Aliu’s stories are vivid, funny as hell, and deeply compassionate, with characters that feel familiar even if you didn’t grow up in Waterbury, or Flint, or any of the other blighted landscapes Forbes puts on its worst cities lists…In Domesticated Wild Things, we see the almost too strange to be true collide with the deeply familiar. This is a portrait of the equally flawed and resilient people living in postindustrial America—an important account of voices seldom heard.

-Kelsey Ronan, Sycamore Review

 

This author with the exotic name has a unique writing style that reads like musical Rap…She has poetically captured the sweet sorrow of life through these poignant portrayals of those living on the fringe.  The stories will appeal to the adolescents and the bewildered young who will recognize their own ruminations so aptly expressed by the emotionally tortured characters.

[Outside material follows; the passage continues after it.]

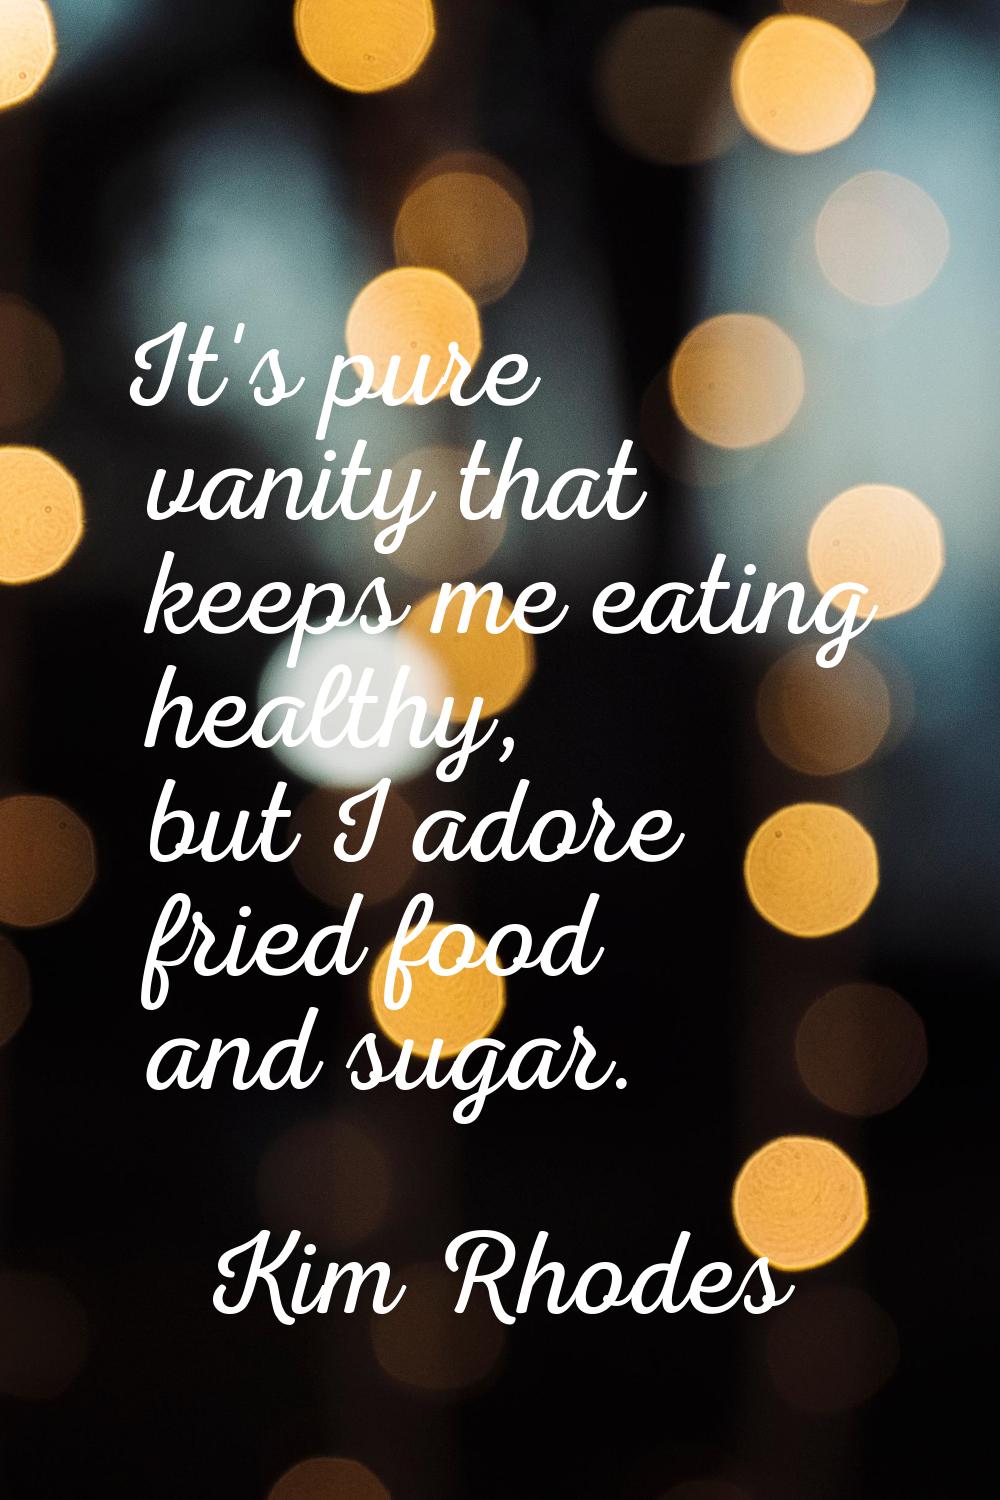 It's pure vanity that keeps me eating healthy, but I adore fried food and sugar.

-Aron Row, San Francisco Book Review

 

The heart of these stories is a broken one, but one that is still beating. It’s a heart that could turn into a car engine at any moment, could combust, could walk out on its characters leaving blood but no footprints, or footprints but no blood. But it’s a beautiful heart, its hopelessness driving it ever forward, Aliu’s prose the director, or the orchestrator, the force that keeps the heart pumping, spewing its messy insides everywhere it goes.

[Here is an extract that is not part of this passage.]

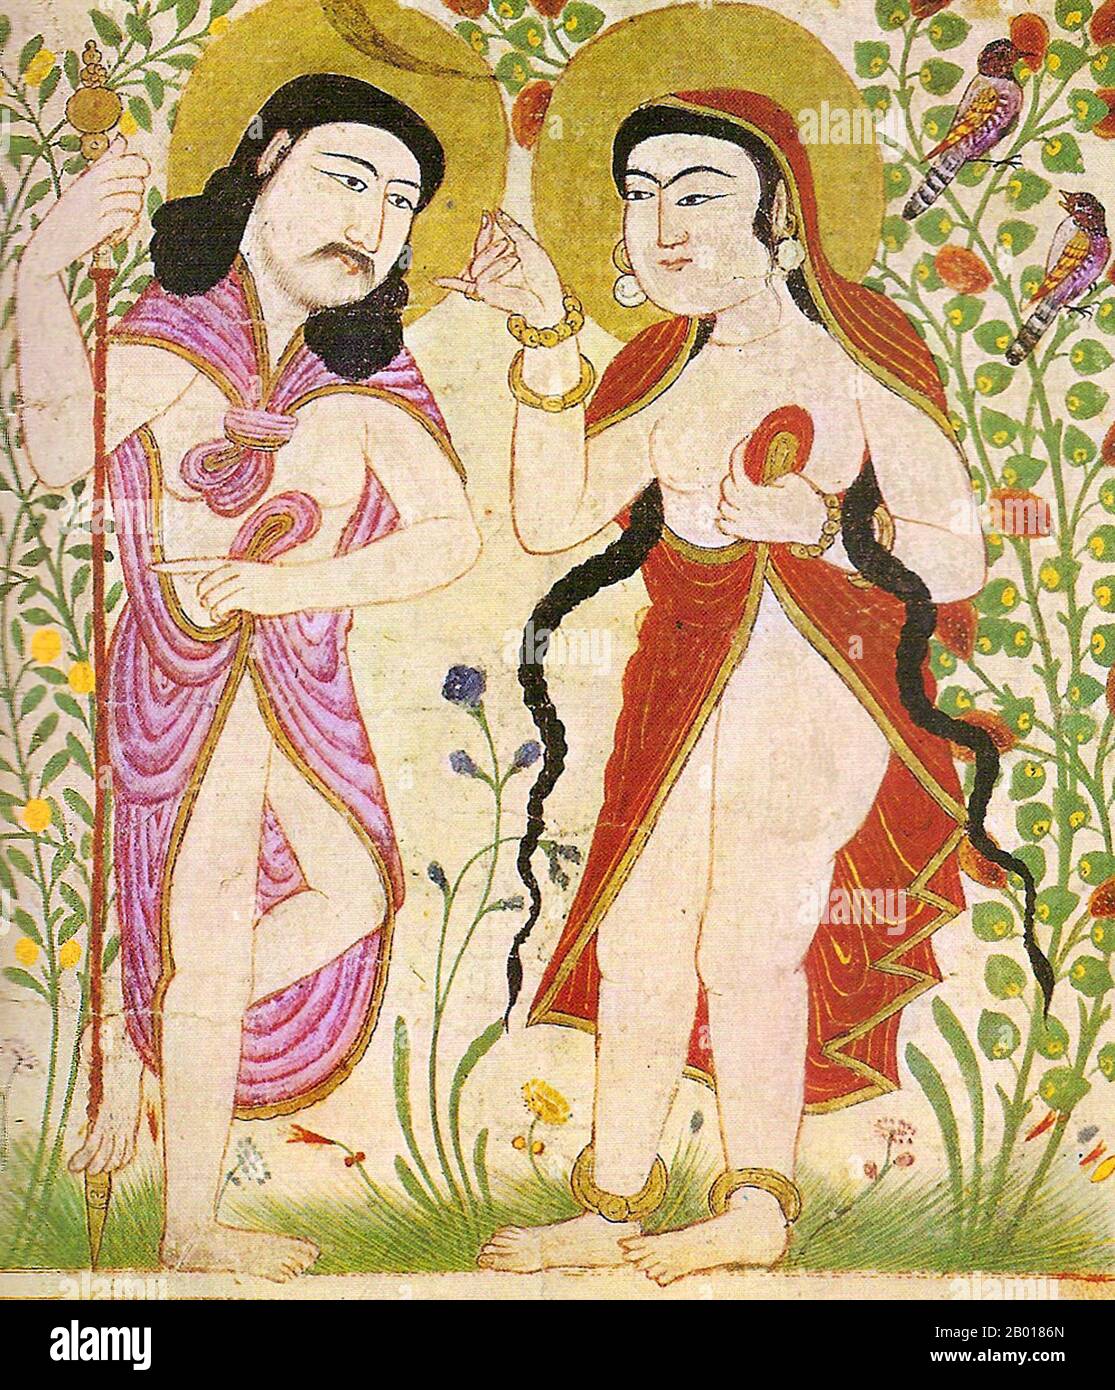 Iran: Adam and Hawwa (the Islamic Adam and Eve) as depicted in 'Manafi al-Hayawan' (Useful Animals) by Ibn Bakhitshu (fl. 13th century), 1294-1299 (Ilkhanid Era).  Abu Said Ubaud Allah Ibn Bakhitshu's 'Manafi al-Hayawan' is an illustrated bestiary in the Persian language. The Bakhtshooa Gondishapoori (also spelled Bukhtishu and Bukht-Yishu) were Assyrian Nestorian Christian physicians from the 7th, 8th, and 9th centuries, spanning 6 generations and 250 years. Some of them served as the personal physicians of Caliphs. Stock Photo

-Ali Rachel Pearl, The Journal

 

Aliu’s first collection of stories, Domesticated Wild Things, winner of the Prairie Schooner Book Prize, vividly captures the longing, striving and eternal disappointment in one of Connecticut’s downtrodden cities, without a golf course in sight . . . Her dark humor keeps us from being overwhelmed by the futility of her characters’ lives and her knack for choosing the just-right small moment within a life wrought with dysfunction brings her message home without becoming maudlin or preachy.

-Jennifer Wisner Kelly, The Colorado Review

 

Critics used to talk about the “Rough South,” the violent, blue-collar region depicted in the novels and stories of Harry Crews, Larry Brown and North Carolina’s own Tim McLaurin. Xhenet Aliu…finds her subject in what might be called the “Rough North.” Aliu narrates all of this in the manner of Raymond Carver by way of Hemingway: Just the bare facts, ma’am, with adjectives and adverbs in short supply What makes Aliu’s stories bearable is that the human spirit keeps poking through, like a flower in the rubble.

-Ben Steelman, Wilmington Star-News

 

One need look no further than Xhenet Aliu’s slim volume of darkly humorous stories to be reminded that mankind is nothing more than highly evolved animals. Domesticated Wild Things and Other Stories is a masterful collection of humanity at its worst. What remains constant is that these tales are frighteningly recognizable, not due to a lack of originality—for there are unique and bizarre situations—but instead for the stark portrayal of the monsters that lurk inside the people we call family and friends.

-Joshua Myers, Curled Up With a Good Book

 

There is a sophisticated brand of humor in Aliu’s fiction—her stories in Domesticated Wild Things will make you laugh out loud but will not burden you with any sense of guilt that might come from laughing at people . . . Her affection for her beautifully rendered characters is contagious, making the humor affirming and humanizing.  These are entertaining and insightful stories full of surprises and revelations.